Following his arrest at the motel, the defendant was transported to the Burlington Police Department where he was interviewed by Agent Hedgecock and Detective Crowder. After being informed of and waiving his constitutional rights, the defendant made an oral statement and then signed a written statement containing the following information. On Friday, 16 March 1990, Mahaley visited the defendant's room at the Knights Inn in Burlington. Roy was carrying a stick, and he hit the defendant on the arm. The defendant took the stick away from him and hit him with it several times. After the two men stopped fighting, they talked for approximately thirty minutes about resolving their differences. Roy left the defendant's room at approximately 11:30 p.m.
On the following day at approximately 3:00 p.m., the defendant spoke with Roy on the telephone about getting together to talk about their problems, but they did not set a specific time or date. At some point during that afternoon, Eric Taylor visited the defendant's room, where the two men drank vodka and played video games. At approximately 9:30 p.m., Marylin Mahaley called the defendant and told him that Roy was asleep. During their conversation, the defendant and Marylin both stated that if Roy was not cooperative, maybe they should kill him.
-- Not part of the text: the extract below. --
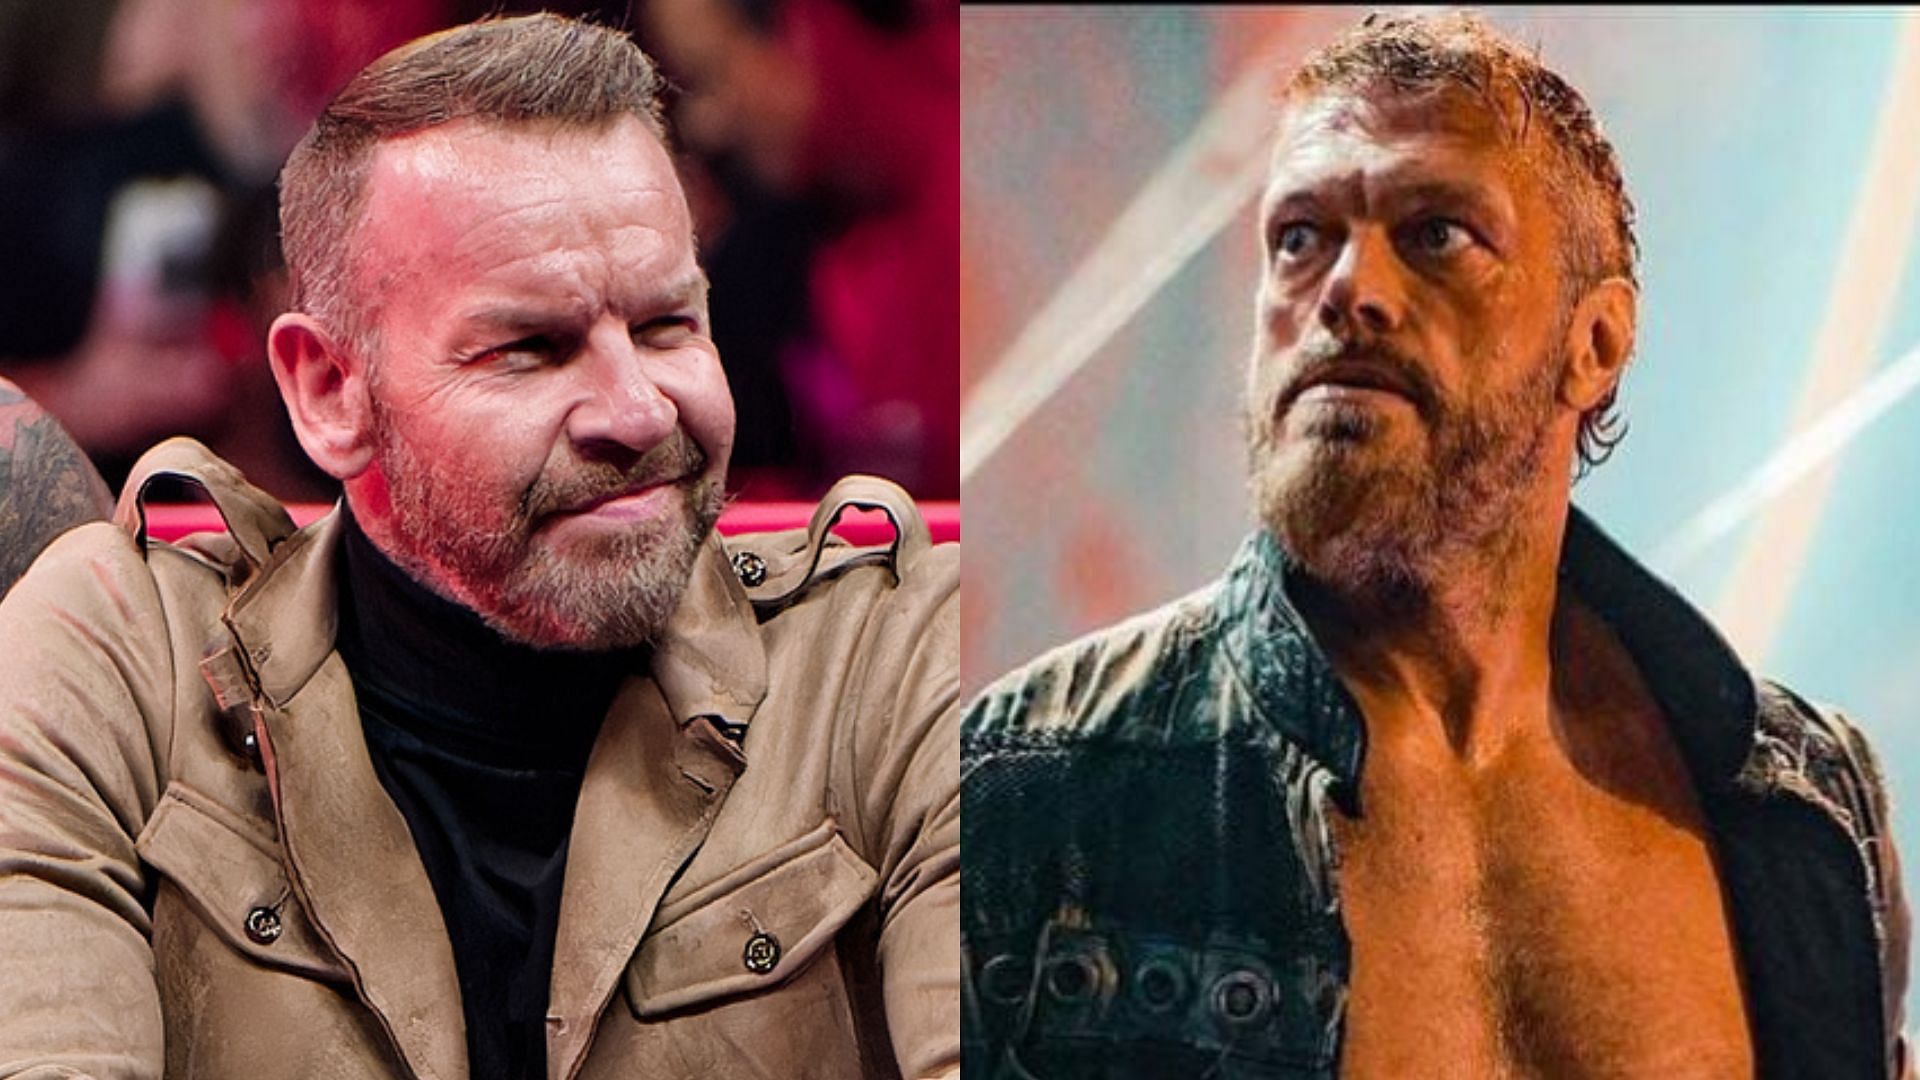 Christian Cage has addressed the Edge rumors

The defendant then told Marylin that he was coming over to her home in fifteen minutes.
Taylor and the defendant drove to the Mahaley home and went to the back of the house. Marylin opened the door and told them that Roy was in the den. The defendant told Marylin to go into the bedroom and to stay there until he came to get her.
The defendant knelt beside Roy and saw the butt of a gun sticking out from underneath the couch. Roy opened his eyes and rolled toward the gun. The defendant grabbed a baby blanket from the floor and began to choke Roy. After the defendant choked Roy for a couple of minutes, Taylor took the blanket and began to choke Roy. At this point, the defendant went to the bedroom and asked Marylin if she had a piece of wire or rope. Marylin told the defendant that there was wire in the basement, so the defendant went to the basement and found a long piece of cloth near the furnace. The defendant went back upstairs and put the piece of cloth around Roy's neck and laid the blanket aside. Taylor and the defendant both choked Roy with the piece of cloth. After choking Roy for approximately twenty minutes, the defendant told Marylin that Roy was dead.
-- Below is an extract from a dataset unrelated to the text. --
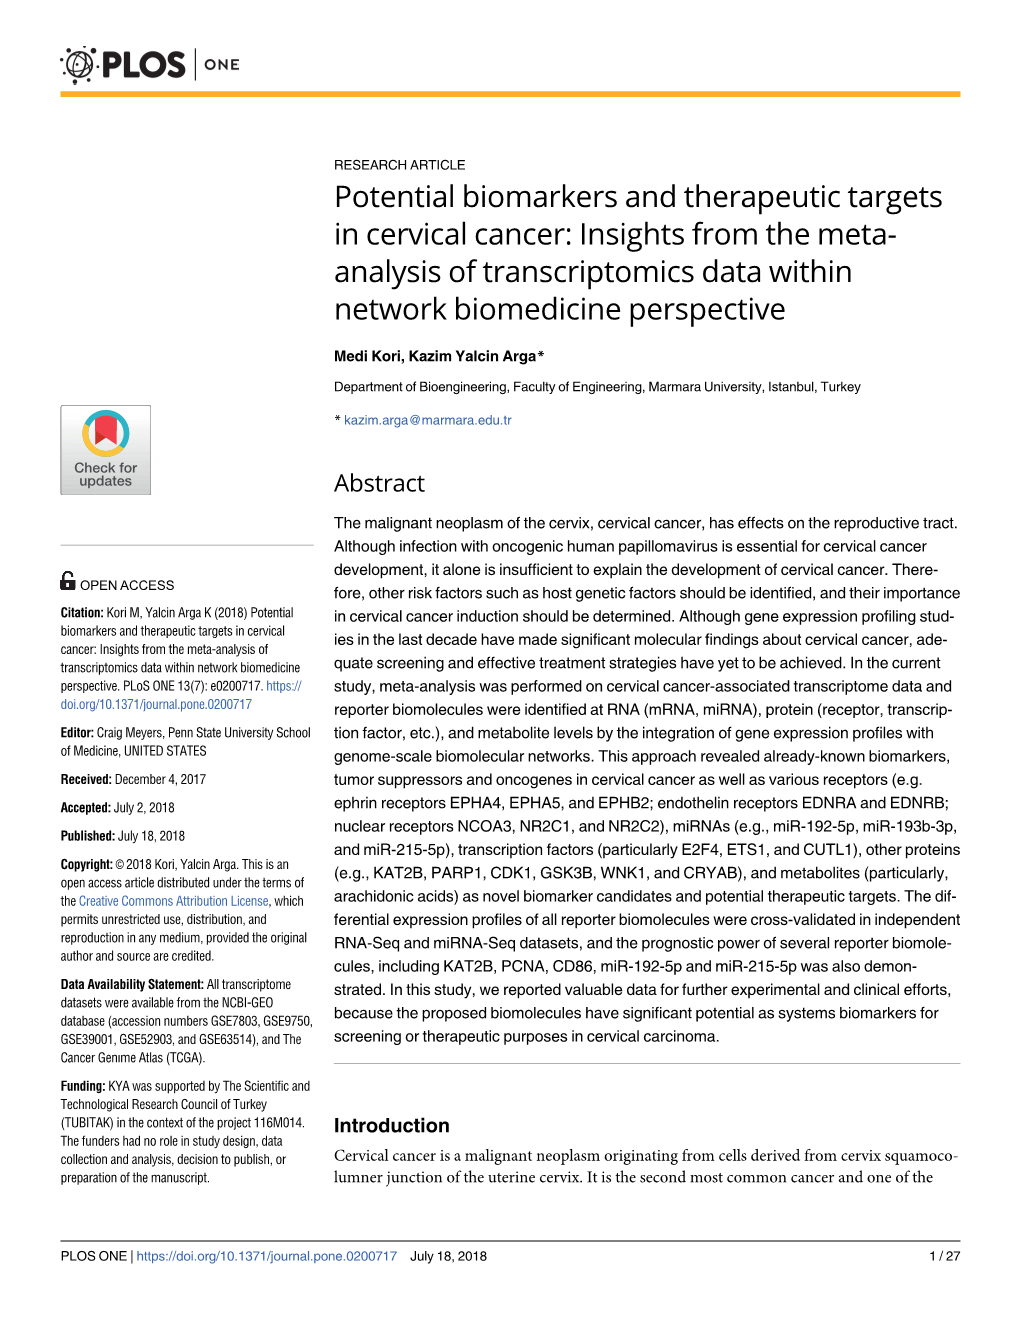 Potential Biomarkers and Therapeutic Targets in Cervical Cancer: Insights from the Meta- Analysis of Transcriptomics Data Within Network Biomedicine Perspective

Marylin told Taylor and the defendant to dress Roy in his work clothes and to take his body to MAP Enterprises. After dressing Roy's body in his work clothes, the two men put the body into the trunk of Roy's car. Before the two men left for MAP Enterprises, Marylin took money from her husband's wallet and gave it to Taylor so that he could pay a ticket. At approximately 2:30 a.m., the two men drove Roy's car to MAP Enterprises and parked it in his usual parking space.
At the defendant's trial, Eric Taylor, who had entered into a plea arrangement with the prosecution, testified that he met the *825 defendant while they were working at the Hillsborough Innkeeper Motel in the fall of 1989. Taylor occasionally would go to the defendant's hotel room to drink, smoke marijuana and play video games. In late February 1990, the defendant wrote a check payable to Taylor in the amount of $950 on the account of Roy Mahaley, and Taylor cashed this check. During this same period, the defendant started talking about harming Roy. The defendant asked Taylor to provide him with an alibi. During the week of the killing, the defendant told Taylor that he wanted to kill Roy because Roy was investigating the forged check.
On the night of the killing, Taylor called the defendant. The defendant told Taylor that he and Roy Mahaley had fought and that he had injured Roy severely. The defendant said that he would have to kill Roy that night. Taylor went to the defendant's room at approximately 8:00 p.m. At approximately 8:30 p.m., the defendant called Marylin and told her to put out Roy's clothes so that he could dress Roy's body after killing him. The defendant also told Marylin to call him back when Roy was asleep. At approximately 10:30 p.m., Marylin Mahaley called the defendant and told him that Roy was asleep. The defendant told Marylin that he and Taylor would be over soon.
As the defendant and Taylor approached the Mahaley carport, they observed Roy Mahaley lying on the floor in the den. At that point, Marylin Mahaley opened the door for the two men, and the defendant told her to go back into the bedroom and wait. The defendant walked over to Roy and began to strangle him with a necktie. While the defendant was choking Roy, the necktie broke, so the defendant used a blanket and a cord to finish the task. Taylor also choked Roy with the blanket and the cord. After killing Roy, the defendant dressed the body in work clothes and put it in the trunk of Roy's car. After placing Roy's body in the trunk, the defendant took money from Roy's wallet and gave $150 to Taylor and the rest to Marylin.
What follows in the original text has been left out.